# Extracted entries

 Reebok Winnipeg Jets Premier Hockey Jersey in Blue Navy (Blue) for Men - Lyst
==
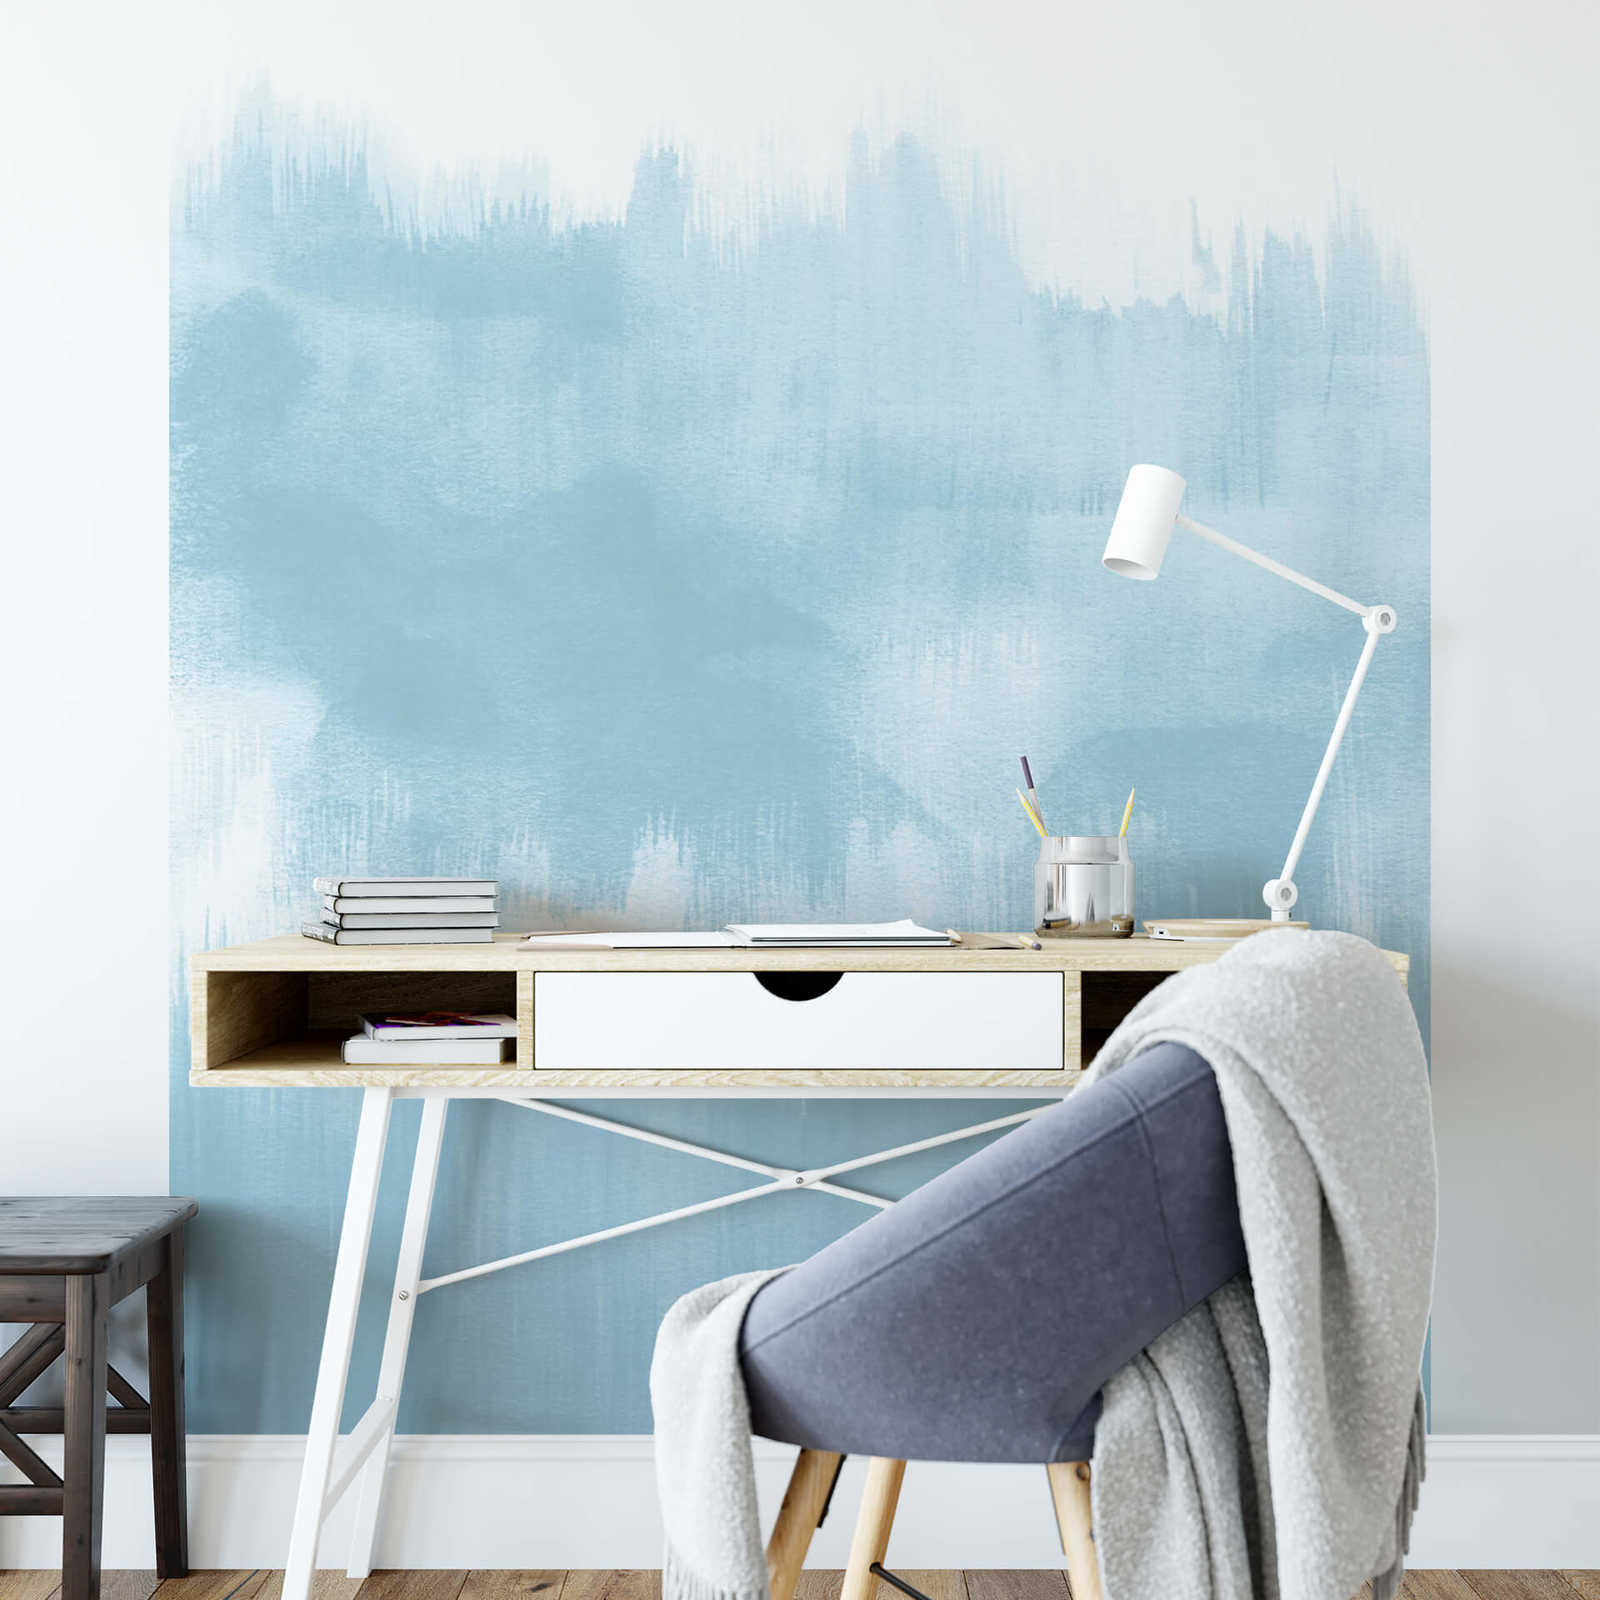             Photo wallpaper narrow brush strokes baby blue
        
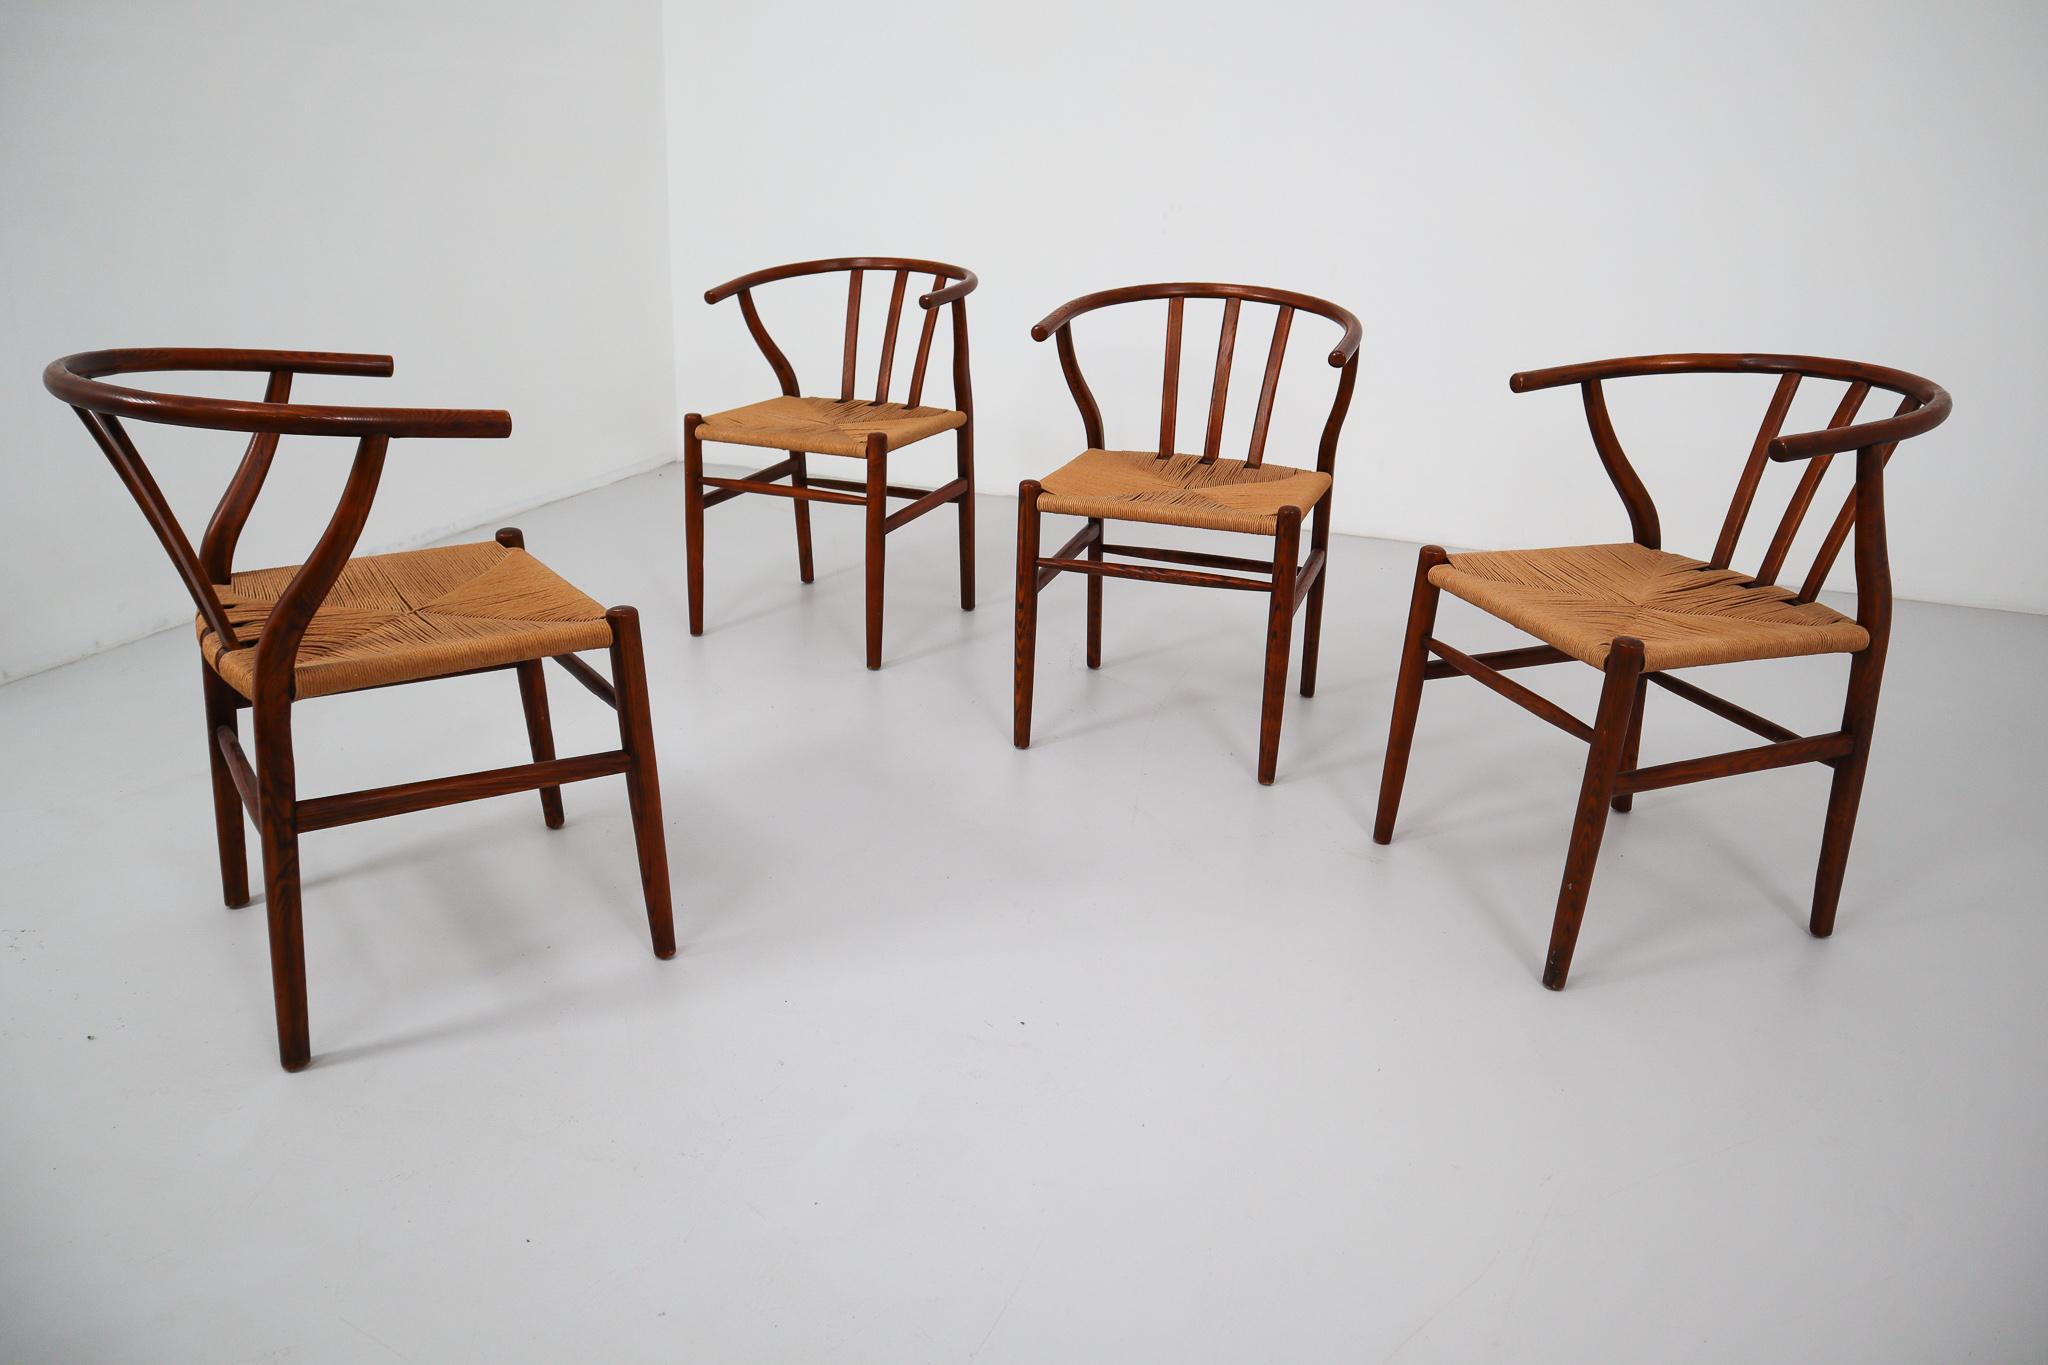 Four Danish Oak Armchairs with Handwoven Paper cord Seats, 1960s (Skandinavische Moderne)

# Work required
All that should appear in the answer is the lines above from the line with "Photo wallpaper narrow" through the line with "Four Danish Oak", retyped exactly, pictures left out.

# Task answer
             Photo wallpaper narrow brush strokes baby blue
        
 Four Danish Oak Armchairs with Handwoven Paper cord Seats, 1960s (Skandinavische Moderne)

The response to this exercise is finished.